--- DATA SECTION Enclosed Below ---

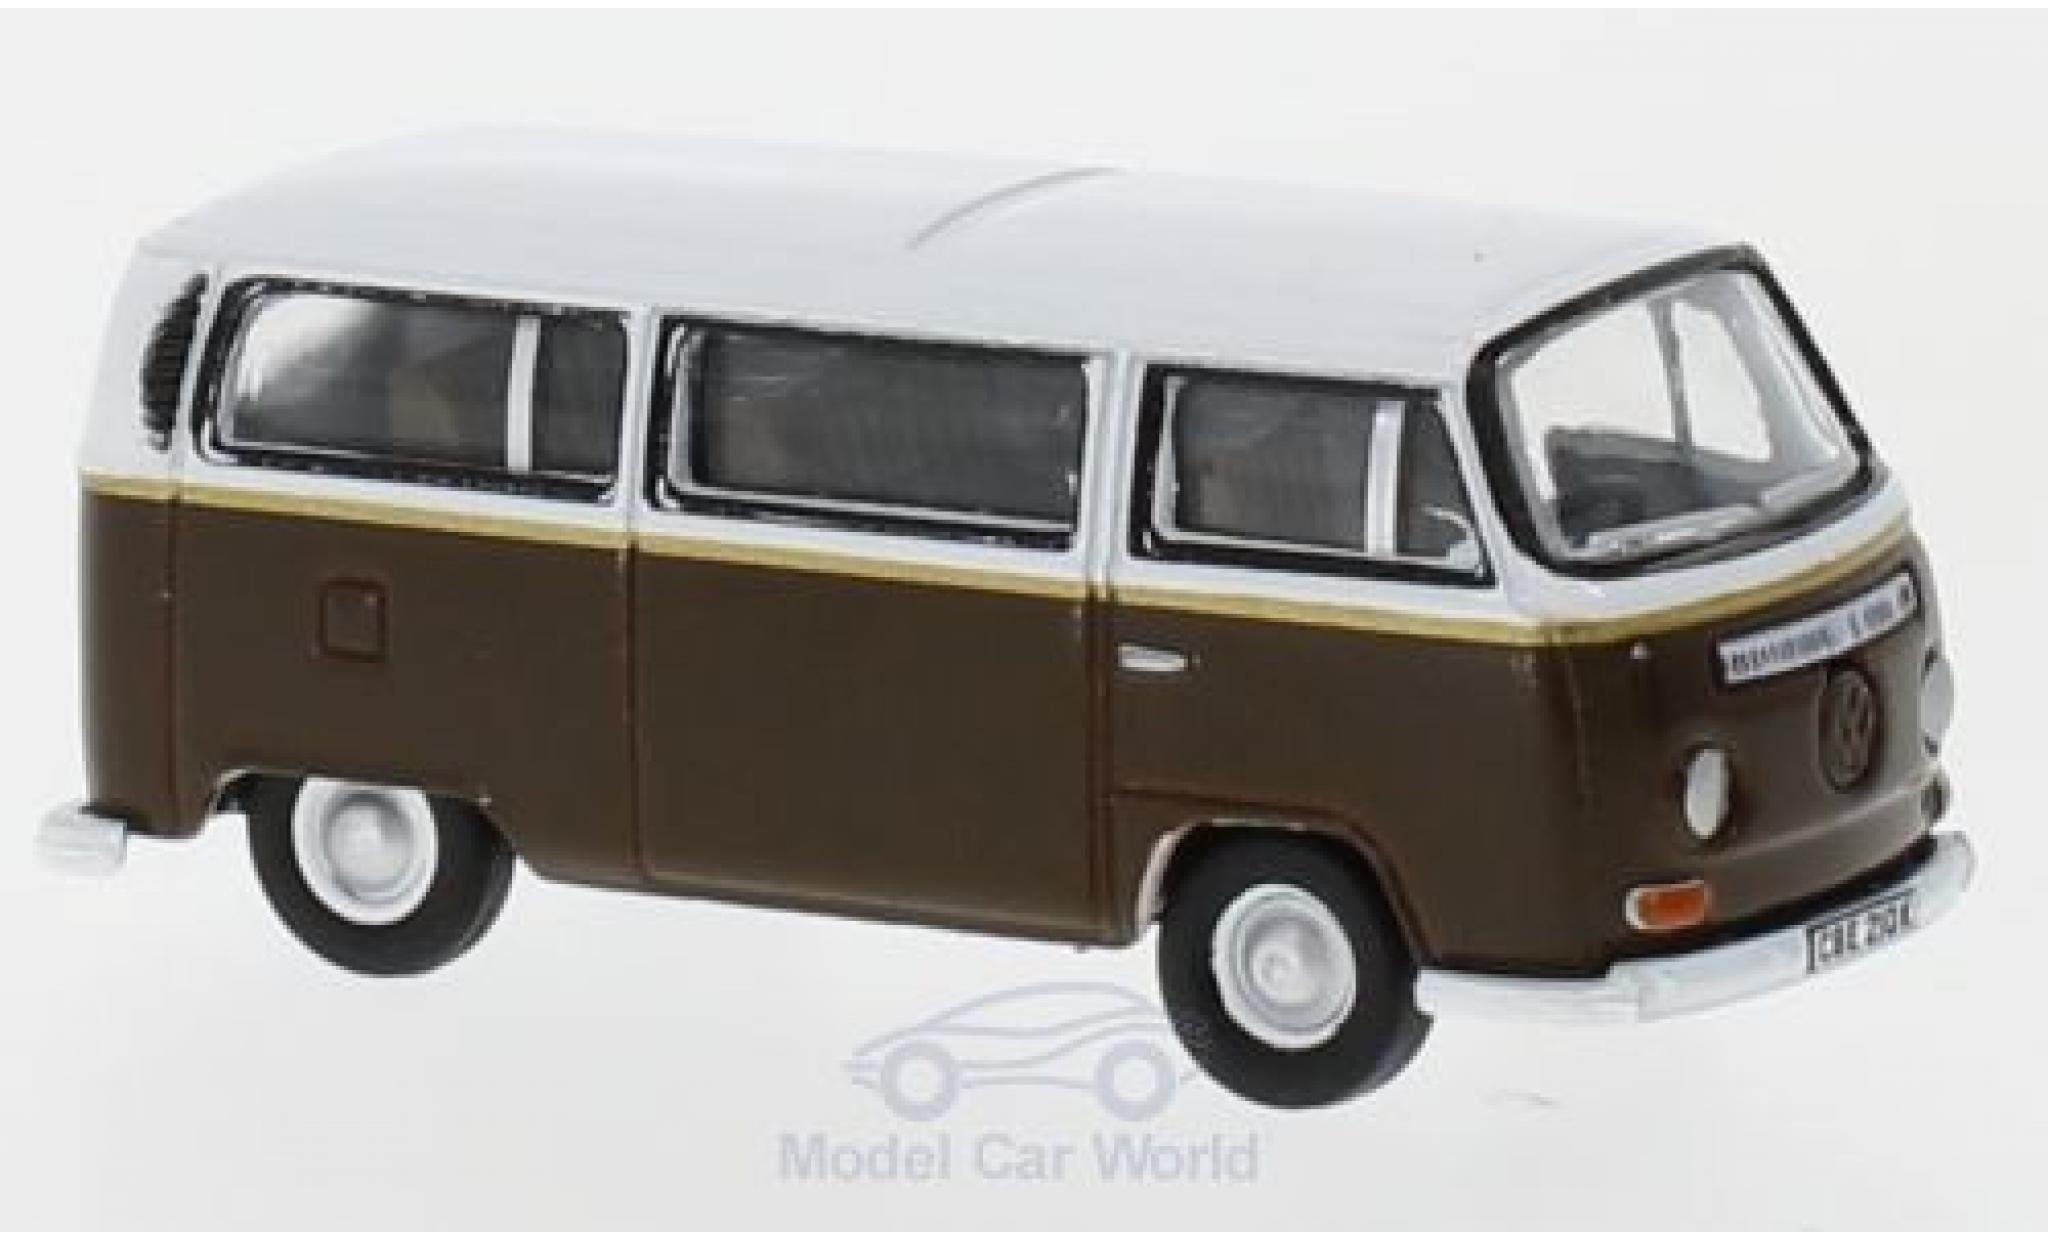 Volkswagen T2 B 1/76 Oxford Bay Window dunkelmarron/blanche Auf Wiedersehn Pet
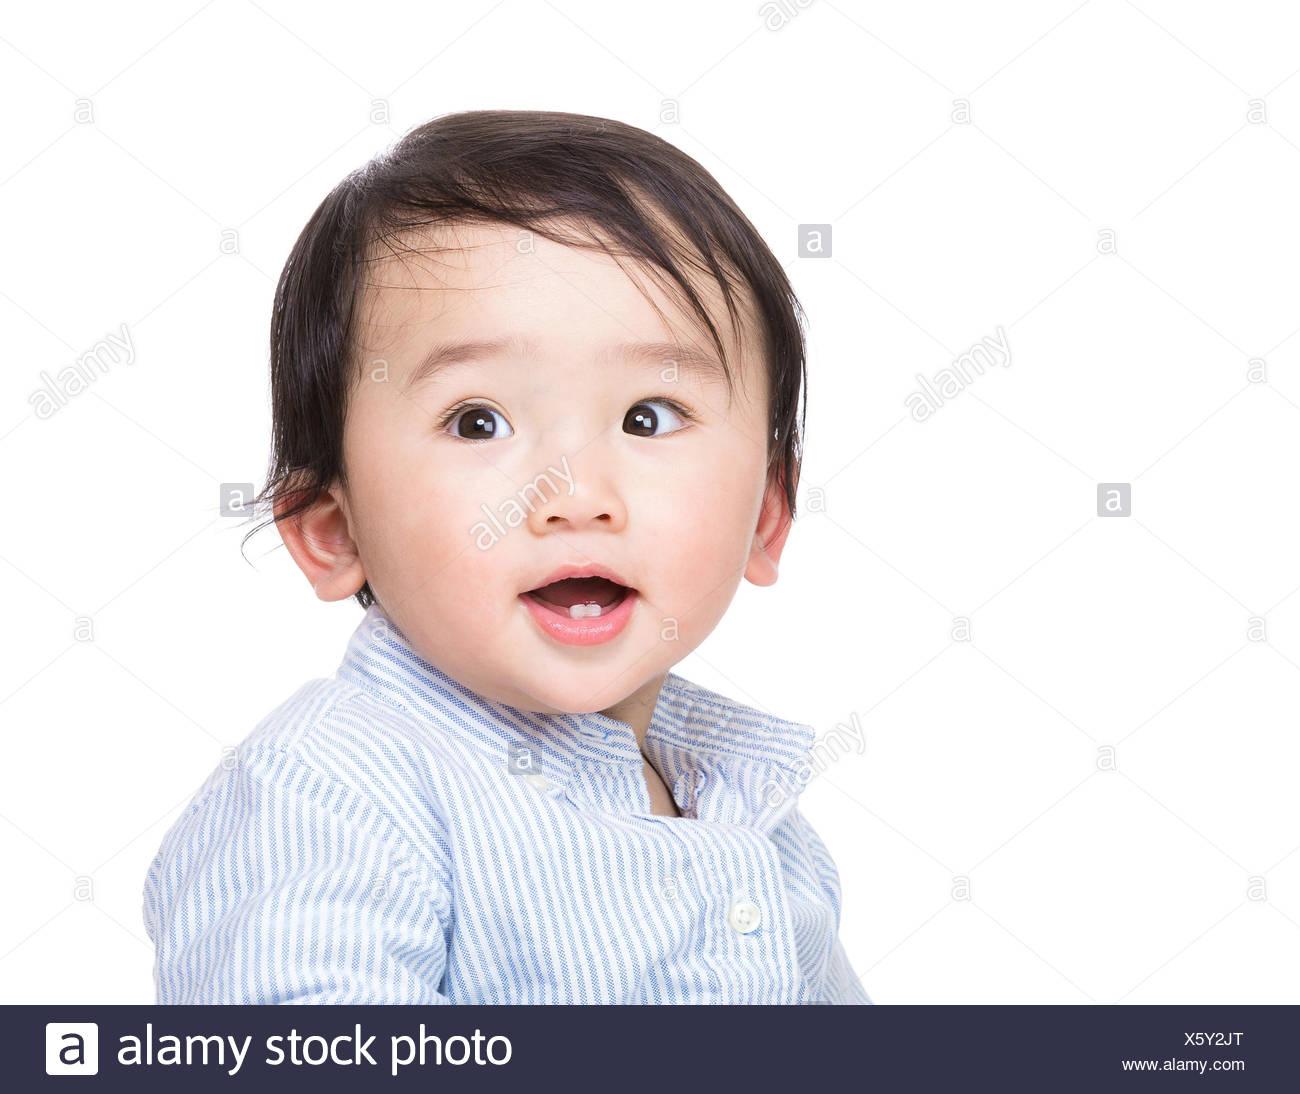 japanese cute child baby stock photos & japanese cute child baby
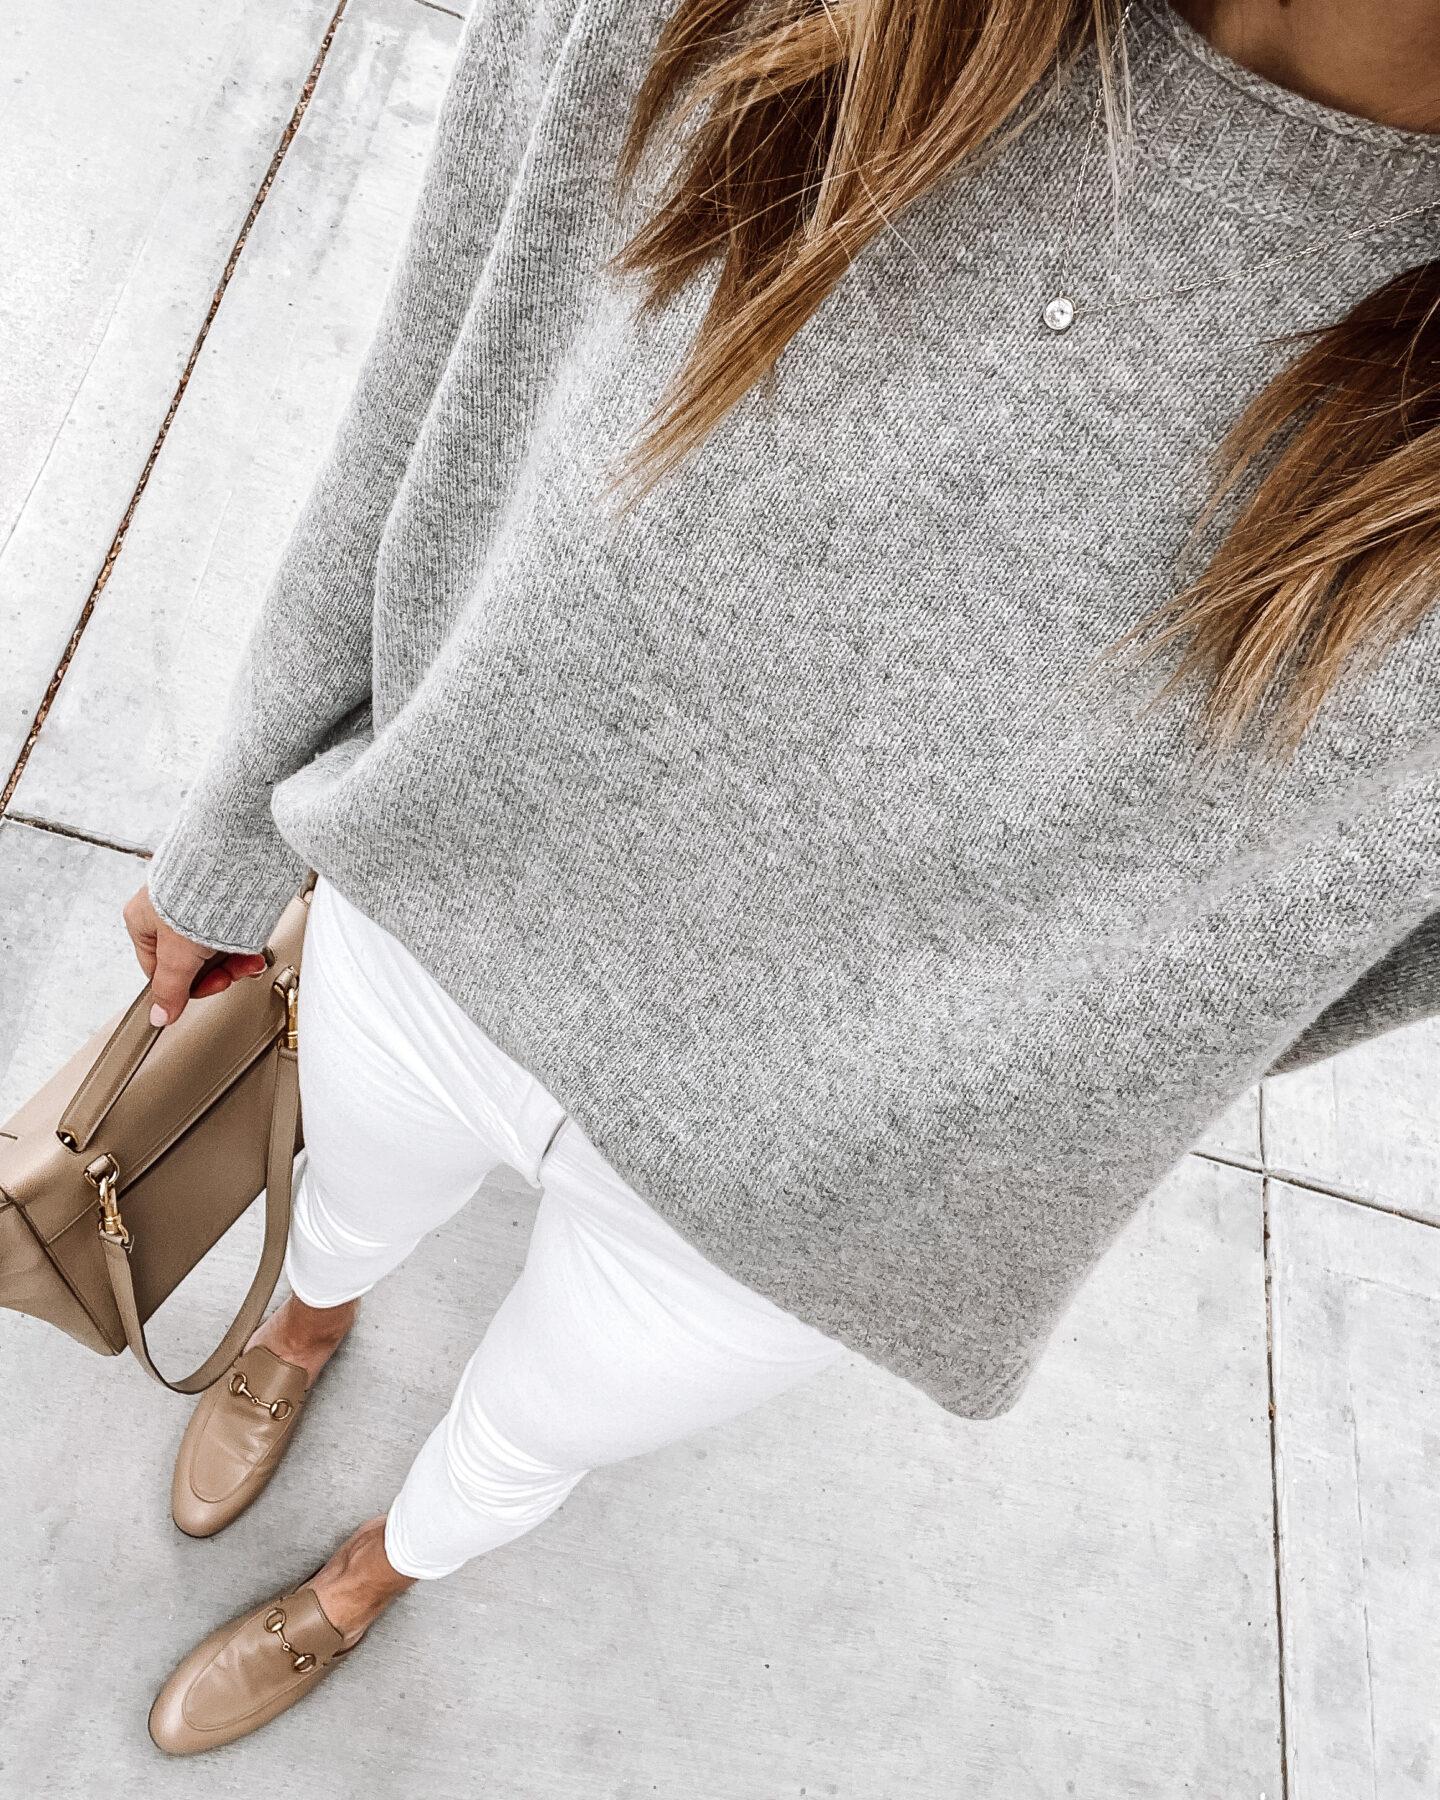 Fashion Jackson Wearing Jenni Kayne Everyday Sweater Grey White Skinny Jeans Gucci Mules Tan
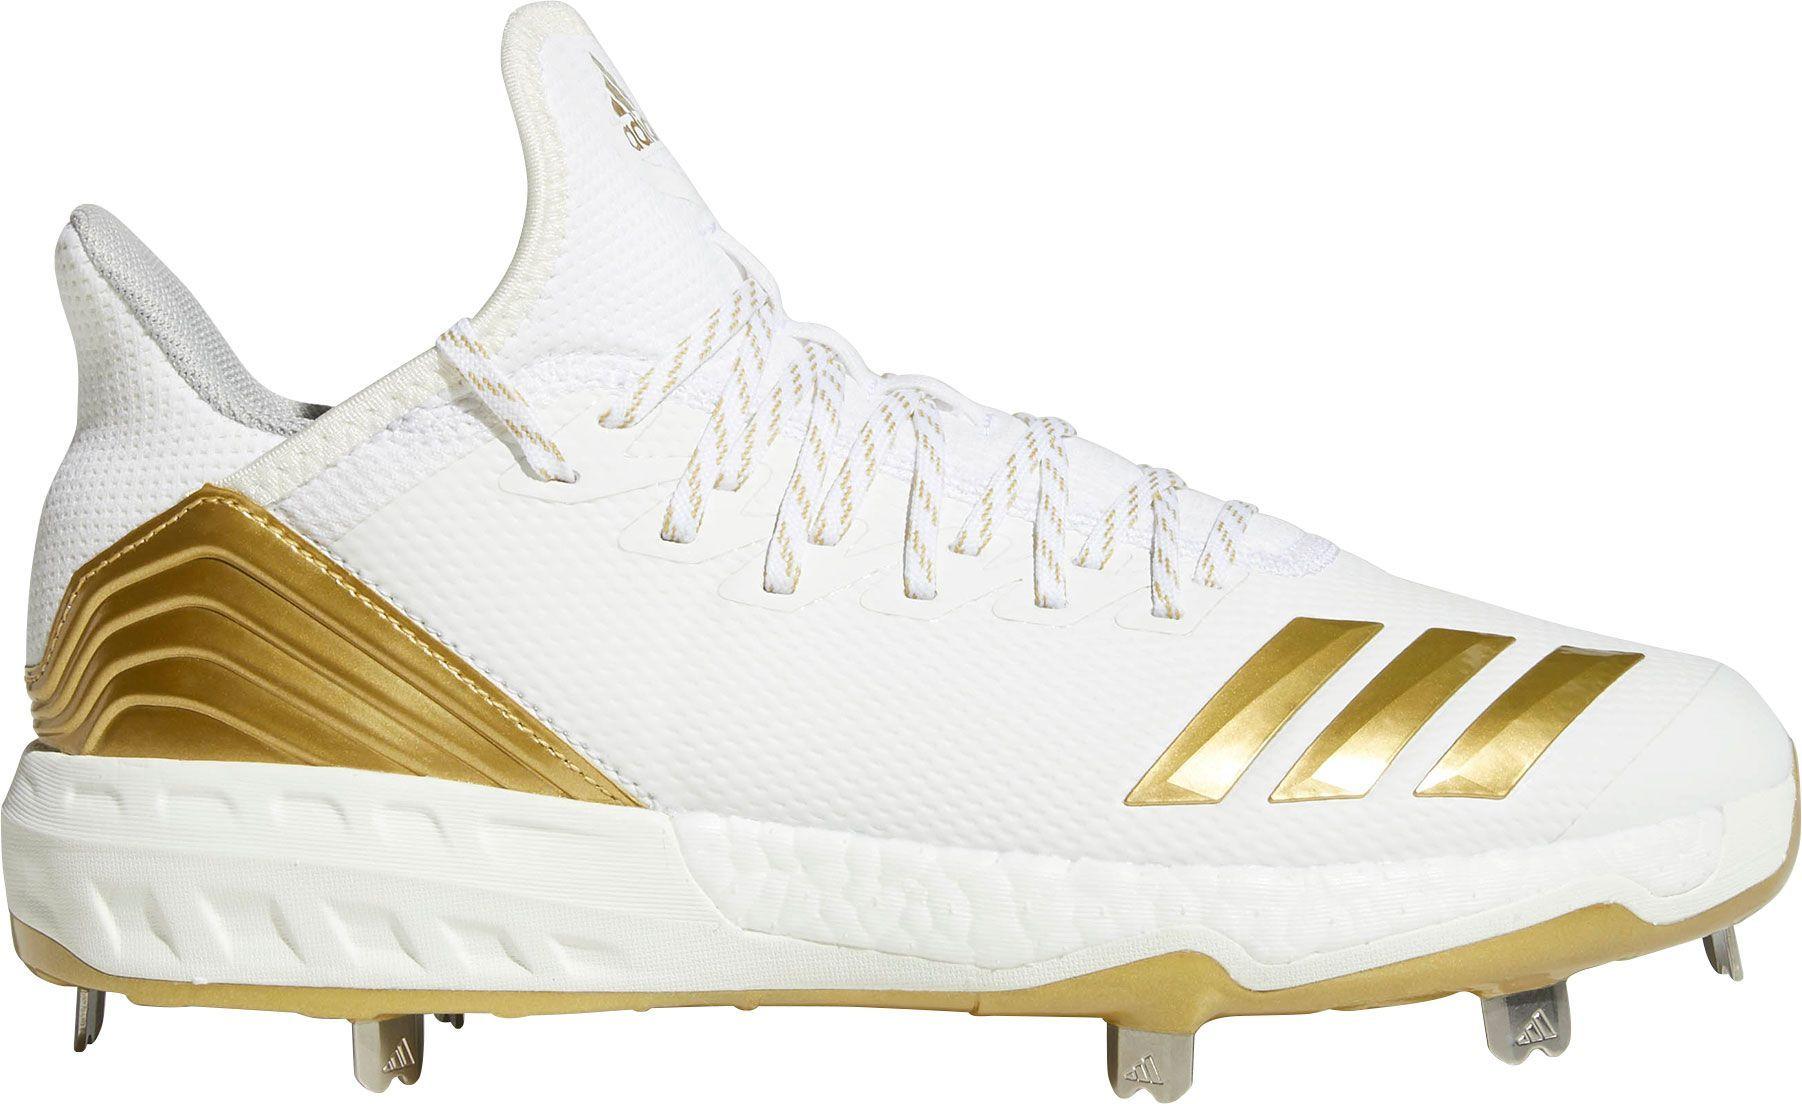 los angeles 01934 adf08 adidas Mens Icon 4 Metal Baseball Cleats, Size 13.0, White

--- End of Enclosed DATA SECTION ---

Print the data exactly as written, dropping any images it holds.

 Volkswagen T2 B 1/76 Oxford Bay Window dunkelmarron/blanche Auf Wiedersehn Pet
 japanese cute child baby stock photos & japanese cute child baby
 Fashion Jackson Wearing Jenni Kayne Everyday Sweater Grey White Skinny Jeans Gucci Mules Tan
 los angeles 01934 adf08 adidas Mens Icon 4 Metal Baseball Cleats, Size 13.0, White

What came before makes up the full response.